As a footnote (one to be noted only by the subset of word nerds who delight in the details of nomenclature), for decades, it was said by many, even normally reliable sources, that SL stood for sports Sports Leicht (sports light) and the history of the Mercedes-Benz alphabet soup was such that it could have gone either way (the SSKL (1929) was the Super Sports Kurz (short) Leicht (light) and from the 1950s on, for the SL, even the factory variously used Sports Leicht and Super Leicht.  It was only in 2017 it published a 1952 paper (unearthed from the corporate archive) confirming the correct abbreviation is Super Leicht.  Sports Leicht Rennsport (Sport Light Racing) seems to be used for the the SLRs because they were built as pure race cars, the W198 and later SLs being road cars but there are references also to Super Leicht Rennsport.  By implication, that would suggest the original 300SL (the 1951 W194) should have been a Sport Leicht because it was built only for competition but given the relevant document dates from 1952, it must have been a reference to the W194 which is thus also a Sport Leicht.  Further to muddy the waters, in 1957 the factory prepared two lightweight cars based on the new 300 SL Roadster (1957-1963) for use in US road racing and these were (at the time) designated 300 SLS (Sports Leicht Sport), the occasional reference (in translation) as "Sports Light Special" not supported by any evidence.  The best quirk of the SLS tale however is the machine which inspired the model was a one-off race-car built by Californian coachbuilder ("body-man" in the vernacular of the West Coast hot rod community) Chuck Porter (1915-1982).  Porter's SLS was built on the space-fame of a wrecked 300 SL gullwing (purchased for a reputed US$500) and followed the lines of the 300 SLR roadsters as closely as the W198 frame (taller than that of the W196S) allowed.  Although it was never an "official" designation, Porter referred to his creation as SL-S, the appended "S" standing for "scrap".      

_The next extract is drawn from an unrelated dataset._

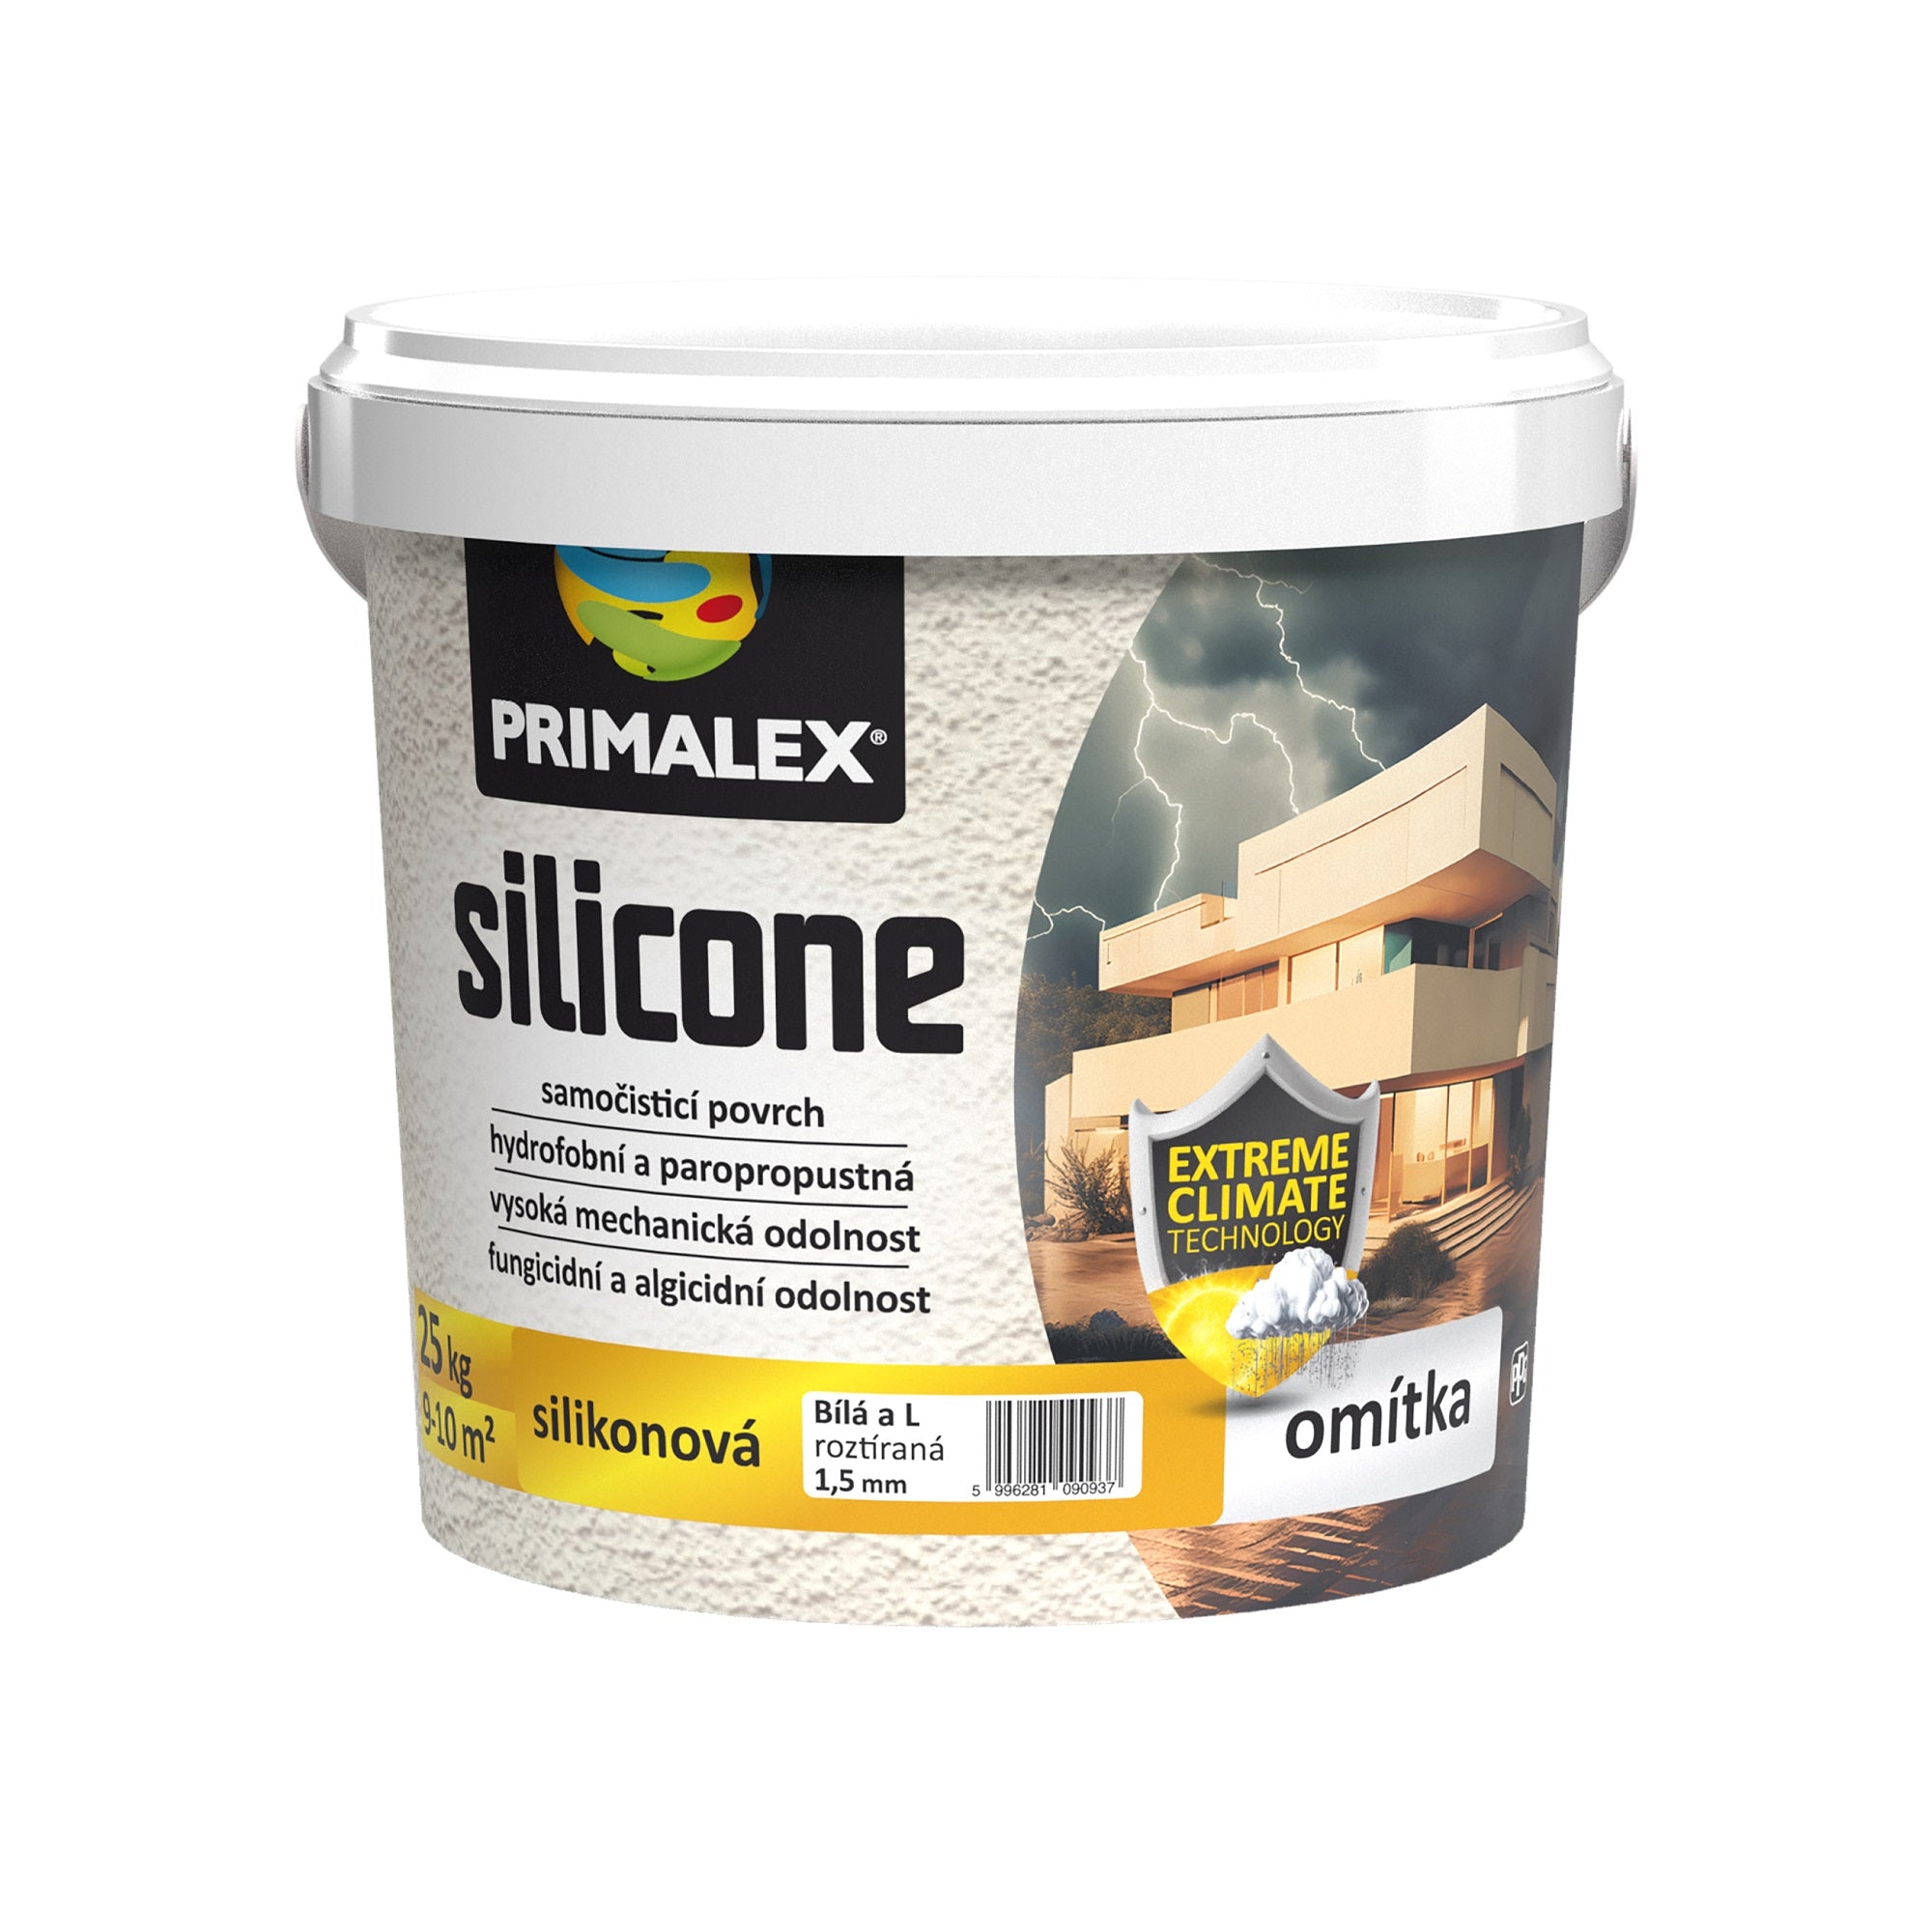 PRIMALEX silicone fasádní silikonová omítka roztíraná 25 kg

The SLR and its antecedents.

A Uhlenhaut coupé and a 300 SLR of course appeared for the photo sessions when in 2003 the factory staged the official release of the SLR McLaren and to may explicit the link with the past, the phrase “gullwing doors” appeared in the press kit documents no less than seven times.  Presumably, journalists got the message but they weren’t fooled and the doors have always, correctly, been called “butterflies”.  Unlike the machines of the 1950s which were built with an aluminium skin atop a space-frame, the twenty-first century SLRs were a monocoque (engineers say the sometimes heard “monocoque shell” is tautological) of reinforced carbon fibre.  Although the dynamic qualities were acknowledged and it was, by all but the measure of hyper-cars, very fast indeed, the reception it has enjoyed has always been strangely muted, testers seeming to find the thing rather “soulless”.  That seemed to imply a lack of “character” which really seems to suggest an absence of obvious flaws, the quirks and idiosyncrasies which can at once enrage and endear.

The nature of monocoque.

The monocoque construction offered one obvious advantage in that the inherent stiffness was such that the creation of the roadster version required few modifications, the integrity of the structure such that not even the absence of a roof compromised things.  Notably, the butterfly doors were able to be hinged along the windscreen (A) pillars, such was the rigidity offered by carbon fibre, a material for which the monocoque may have been invented.  McLaren would later use a variation of this idea when it released the McLaren MP4-12C (2011-2014), omitting the top hinge which allowed the use of frameless windows even on the roadster (spider) version.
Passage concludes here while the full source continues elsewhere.